PROVIDED DATA section start
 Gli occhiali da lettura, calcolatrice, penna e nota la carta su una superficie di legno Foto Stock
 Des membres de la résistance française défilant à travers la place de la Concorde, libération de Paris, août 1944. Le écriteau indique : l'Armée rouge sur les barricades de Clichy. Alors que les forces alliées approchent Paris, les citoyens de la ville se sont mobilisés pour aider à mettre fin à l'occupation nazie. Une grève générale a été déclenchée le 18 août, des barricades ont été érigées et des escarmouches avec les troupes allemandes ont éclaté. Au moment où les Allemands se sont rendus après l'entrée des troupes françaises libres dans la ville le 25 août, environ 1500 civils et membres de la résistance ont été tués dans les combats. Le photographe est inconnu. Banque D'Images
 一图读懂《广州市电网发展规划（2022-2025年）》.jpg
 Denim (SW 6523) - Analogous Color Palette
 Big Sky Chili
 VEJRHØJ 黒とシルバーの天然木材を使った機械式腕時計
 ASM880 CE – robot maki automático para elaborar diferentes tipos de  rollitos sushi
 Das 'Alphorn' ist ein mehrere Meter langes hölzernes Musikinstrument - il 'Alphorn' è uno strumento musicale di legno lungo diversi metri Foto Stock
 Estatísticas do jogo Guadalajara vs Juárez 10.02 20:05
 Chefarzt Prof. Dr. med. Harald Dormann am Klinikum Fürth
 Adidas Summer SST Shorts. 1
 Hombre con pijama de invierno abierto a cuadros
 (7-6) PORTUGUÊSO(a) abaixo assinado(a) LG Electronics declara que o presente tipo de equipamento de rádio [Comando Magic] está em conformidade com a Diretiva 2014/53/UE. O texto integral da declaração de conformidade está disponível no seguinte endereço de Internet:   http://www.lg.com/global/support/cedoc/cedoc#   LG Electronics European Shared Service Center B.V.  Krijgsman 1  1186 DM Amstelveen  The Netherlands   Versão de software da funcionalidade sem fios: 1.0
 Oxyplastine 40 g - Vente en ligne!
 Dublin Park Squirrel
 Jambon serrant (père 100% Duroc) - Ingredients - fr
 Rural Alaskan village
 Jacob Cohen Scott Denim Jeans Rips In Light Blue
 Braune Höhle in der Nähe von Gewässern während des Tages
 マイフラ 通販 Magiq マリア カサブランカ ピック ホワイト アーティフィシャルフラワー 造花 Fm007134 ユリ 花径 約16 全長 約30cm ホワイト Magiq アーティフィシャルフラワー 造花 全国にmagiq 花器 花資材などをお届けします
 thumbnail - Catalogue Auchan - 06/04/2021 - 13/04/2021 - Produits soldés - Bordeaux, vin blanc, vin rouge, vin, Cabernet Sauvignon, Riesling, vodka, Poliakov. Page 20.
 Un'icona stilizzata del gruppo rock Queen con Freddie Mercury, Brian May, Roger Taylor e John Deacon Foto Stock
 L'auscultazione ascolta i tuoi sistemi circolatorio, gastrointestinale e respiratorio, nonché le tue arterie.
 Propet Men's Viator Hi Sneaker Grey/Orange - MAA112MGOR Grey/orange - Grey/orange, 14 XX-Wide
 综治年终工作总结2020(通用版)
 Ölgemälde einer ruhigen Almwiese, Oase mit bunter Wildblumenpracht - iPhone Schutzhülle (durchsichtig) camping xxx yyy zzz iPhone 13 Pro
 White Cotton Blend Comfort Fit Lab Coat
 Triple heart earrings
PROVIDED DATA section end
EXERCISE INSTRUCTIONS> The answer should consist only of the lines from the one containing "Jambon serrant (père" through the last line of the data, given again exactly.

WRITTEN REPLY>
 Jambon serrant (père 100% Duroc) - Ingredients - fr
 Rural Alaskan village
 Jacob Cohen Scott Denim Jeans Rips In Light Blue
 Braune Höhle in der Nähe von Gewässern während des Tages
 マイフラ 通販 Magiq マリア カサブランカ ピック ホワイト アーティフィシャルフラワー 造花 Fm007134 ユリ 花径 約16 全長 約30cm ホワイト Magiq アーティフィシャルフラワー 造花 全国にmagiq 花器 花資材などをお届けします
 thumbnail - Catalogue Auchan - 06/04/2021 - 13/04/2021 - Produits soldés - Bordeaux, vin blanc, vin rouge, vin, Cabernet Sauvignon, Riesling, vodka, Poliakov. Page 20.
 Un'icona stilizzata del gruppo rock Queen con Freddie Mercury, Brian May, Roger Taylor e John Deacon Foto Stock
 L'auscultazione ascolta i tuoi sistemi circolatorio, gastrointestinale e respiratorio, nonché le tue arterie.
 Propet Men's Viator Hi Sneaker Grey/Orange - MAA112MGOR Grey/orange - Grey/orange, 14 XX-Wide
 综治年终工作总结2020(通用版)
 Ölgemälde einer ruhigen Almwiese, Oase mit bunter Wildblumenpracht - iPhone Schutzhülle (durchsichtig) camping xxx yyy zzz iPhone 13 Pro
 White Cotton Blend Comfort Fit Lab Coat
 Triple heart earrings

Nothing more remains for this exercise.